# [Action item]
Look through the entries for the string "Bedroom", and copy each line that holds it.

(Supplied records)

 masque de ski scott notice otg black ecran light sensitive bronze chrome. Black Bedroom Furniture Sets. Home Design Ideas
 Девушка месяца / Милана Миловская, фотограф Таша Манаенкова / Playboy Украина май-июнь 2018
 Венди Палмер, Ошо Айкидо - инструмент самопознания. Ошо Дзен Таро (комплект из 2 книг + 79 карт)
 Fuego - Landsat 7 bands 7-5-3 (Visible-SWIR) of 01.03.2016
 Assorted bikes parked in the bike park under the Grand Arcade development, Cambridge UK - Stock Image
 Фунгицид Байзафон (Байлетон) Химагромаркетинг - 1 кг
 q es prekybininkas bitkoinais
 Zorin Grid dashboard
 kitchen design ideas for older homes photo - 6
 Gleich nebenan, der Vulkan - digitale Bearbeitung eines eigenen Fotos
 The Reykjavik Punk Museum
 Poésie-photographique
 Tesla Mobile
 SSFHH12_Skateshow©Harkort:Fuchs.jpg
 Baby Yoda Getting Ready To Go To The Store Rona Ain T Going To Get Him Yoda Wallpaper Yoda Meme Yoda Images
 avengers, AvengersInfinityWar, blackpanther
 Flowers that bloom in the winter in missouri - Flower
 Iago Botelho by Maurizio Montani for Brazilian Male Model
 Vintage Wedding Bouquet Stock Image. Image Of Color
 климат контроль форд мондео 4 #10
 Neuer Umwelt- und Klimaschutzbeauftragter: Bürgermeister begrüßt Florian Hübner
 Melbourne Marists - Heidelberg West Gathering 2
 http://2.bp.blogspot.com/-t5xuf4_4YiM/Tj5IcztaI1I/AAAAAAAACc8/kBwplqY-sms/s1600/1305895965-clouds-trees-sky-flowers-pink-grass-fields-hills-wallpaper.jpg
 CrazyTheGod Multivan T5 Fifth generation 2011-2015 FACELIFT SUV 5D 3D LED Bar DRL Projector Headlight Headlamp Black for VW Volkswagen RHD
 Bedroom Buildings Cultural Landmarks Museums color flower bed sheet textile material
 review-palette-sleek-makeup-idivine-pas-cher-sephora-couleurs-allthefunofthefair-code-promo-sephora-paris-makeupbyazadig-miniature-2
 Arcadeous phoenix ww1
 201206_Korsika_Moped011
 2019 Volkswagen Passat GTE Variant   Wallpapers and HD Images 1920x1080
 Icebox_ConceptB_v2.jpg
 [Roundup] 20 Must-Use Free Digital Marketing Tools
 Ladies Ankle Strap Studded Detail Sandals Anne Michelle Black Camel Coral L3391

(End Supplied records)

# [Solution for this task]
 masque de ski scott notice otg black ecran light sensitive bronze chrome. Black Bedroom Furniture Sets. Home Design Ideas
 Bedroom Buildings Cultural Landmarks Museums color flower bed sheet textile material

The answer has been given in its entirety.